-- Data segment --
┄┄┄┄┄┄┄┄┄┄┄┄┄┄┄┄┄┄┄┄

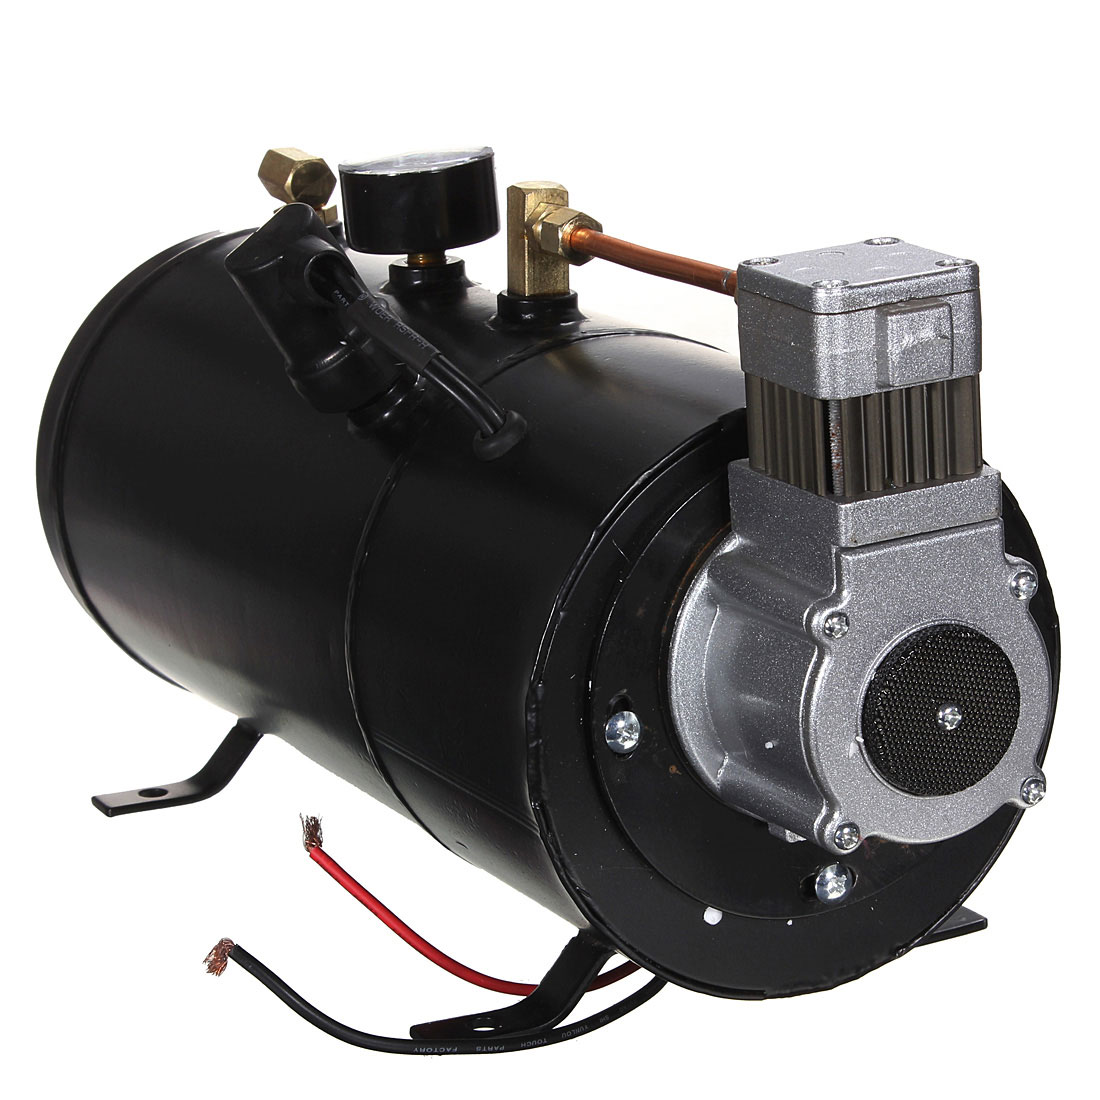 12 В в черный 150PSI воздушный компрессор 3 литров и давление переключатель шланг наборы поезд грузовик прицепы Запчасти для авто
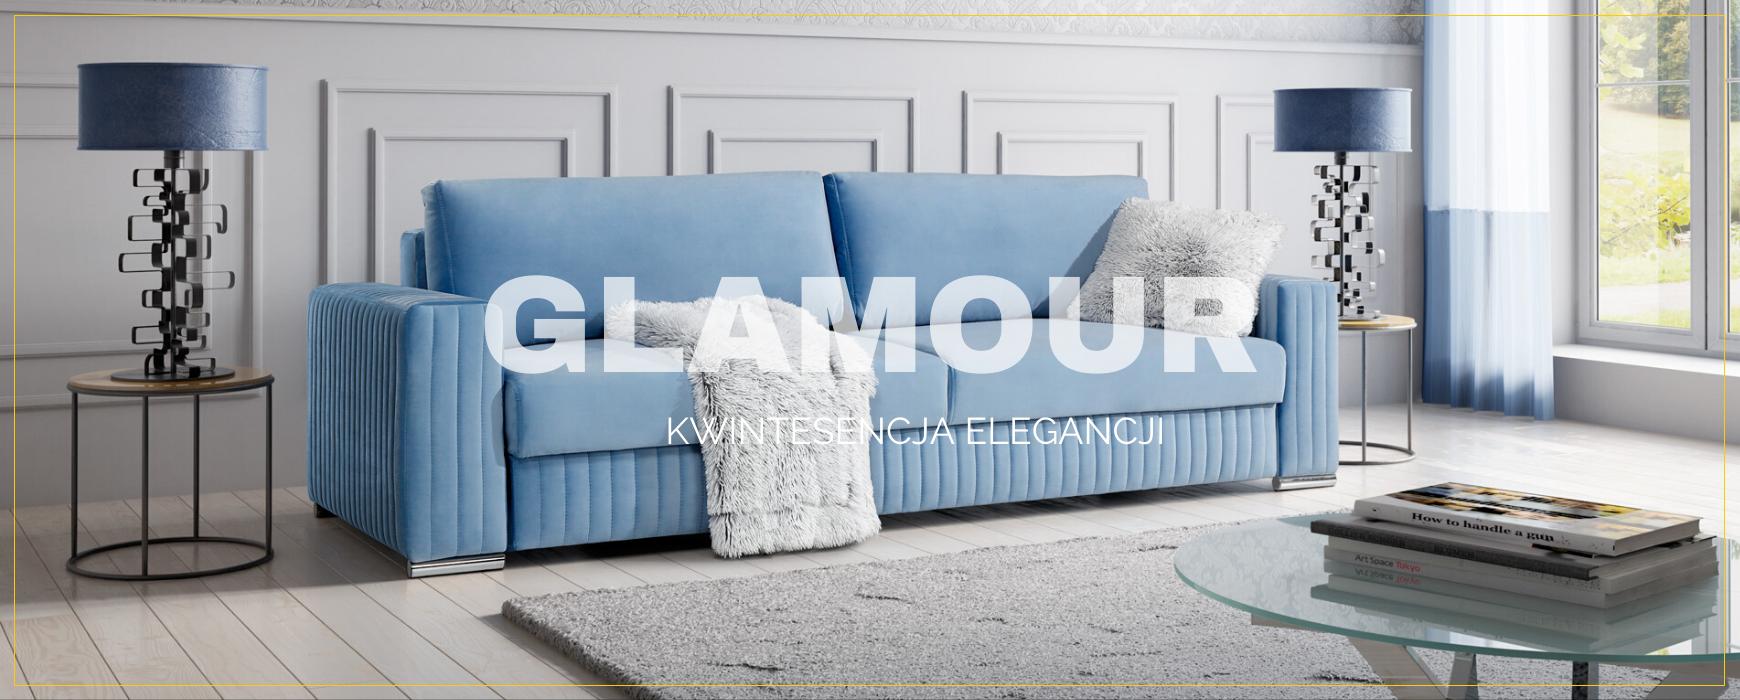 Elegancka i funkcjonalna sofa GLAMOUR dostępna już od 3.999 pln Transport gratis. Usiądziesz z wrażenia! Sprawdź naszą ofertę!
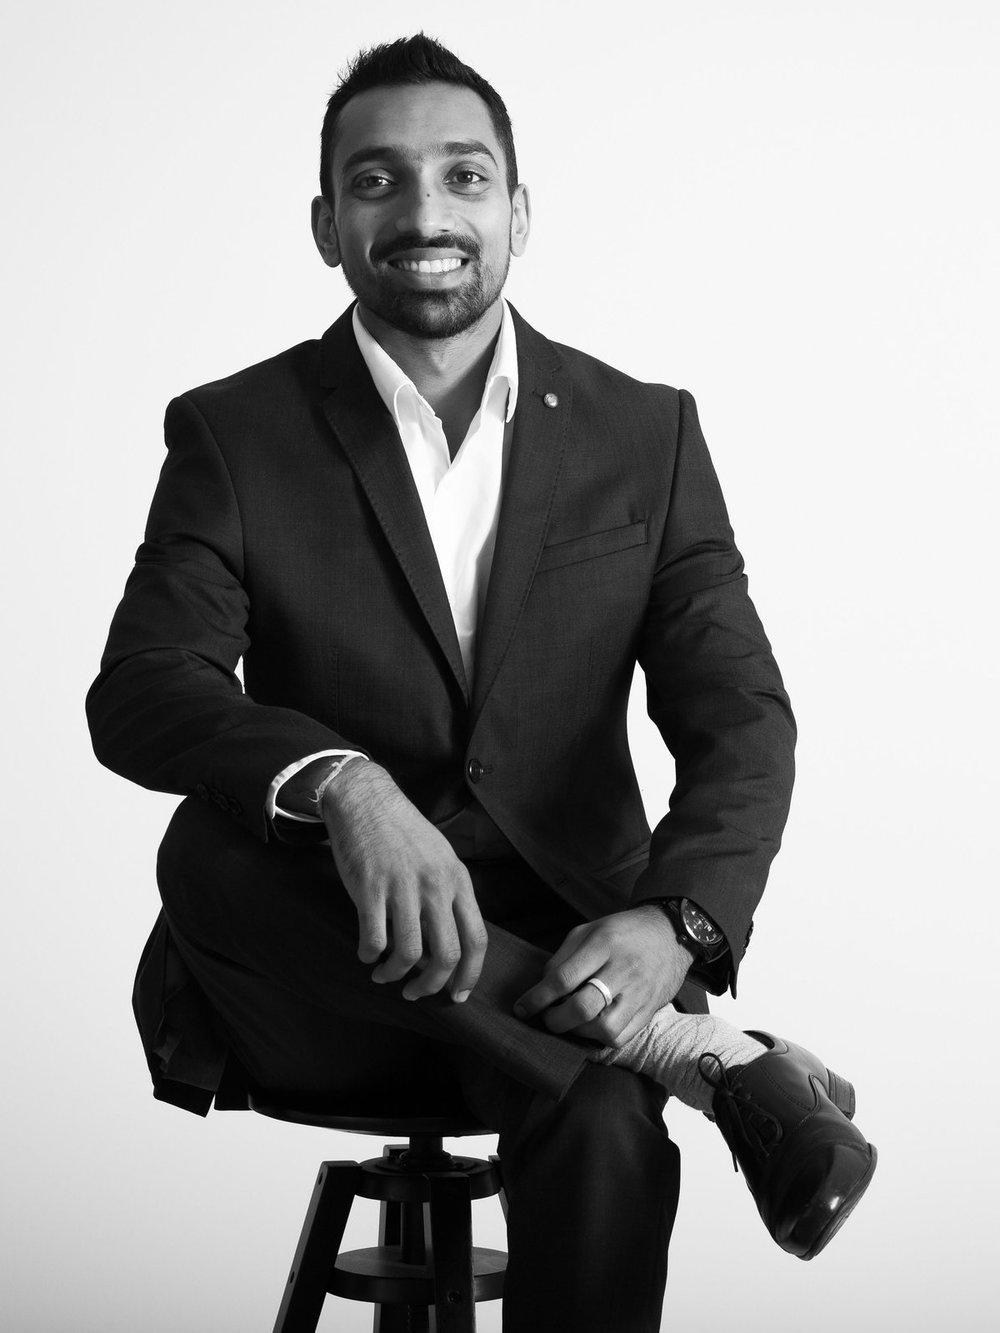 KASHISH SINDURIA  QA Engineer
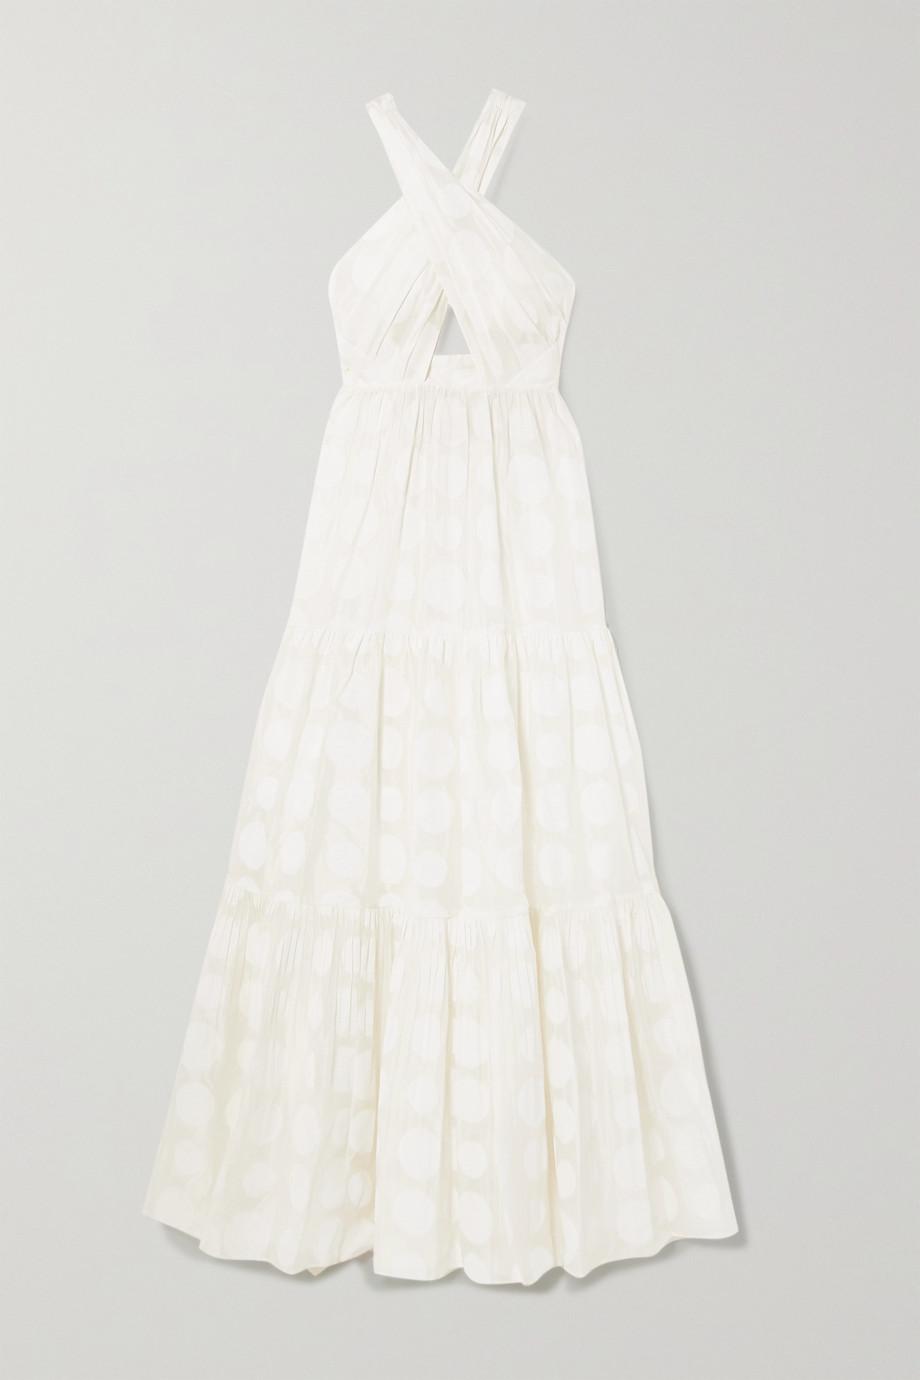 Ulla Johnson Fontaine 挖剪刺绣提花棉丝混纺挂脖超长连衣裙

┄┄┄┄┄┄┄┄┄┄┄┄┄┄┄┄┄┄┄┄

-- Problem --
Without the pictures, write out the whole listing exactly as it appears.

-- Your solution --
 12 В в черный 150PSI воздушный компрессор 3 литров и давление переключатель шланг наборы поезд грузовик прицепы Запчасти для авто
 Elegancka i funkcjonalna sofa GLAMOUR dostępna już od 3.999 pln Transport gratis. Usiądziesz z wrażenia! Sprawdź naszą ofertę!
 KASHISH SINDURIA  QA Engineer
 Ulla Johnson Fontaine 挖剪刺绣提花棉丝混纺挂脖超长连衣裙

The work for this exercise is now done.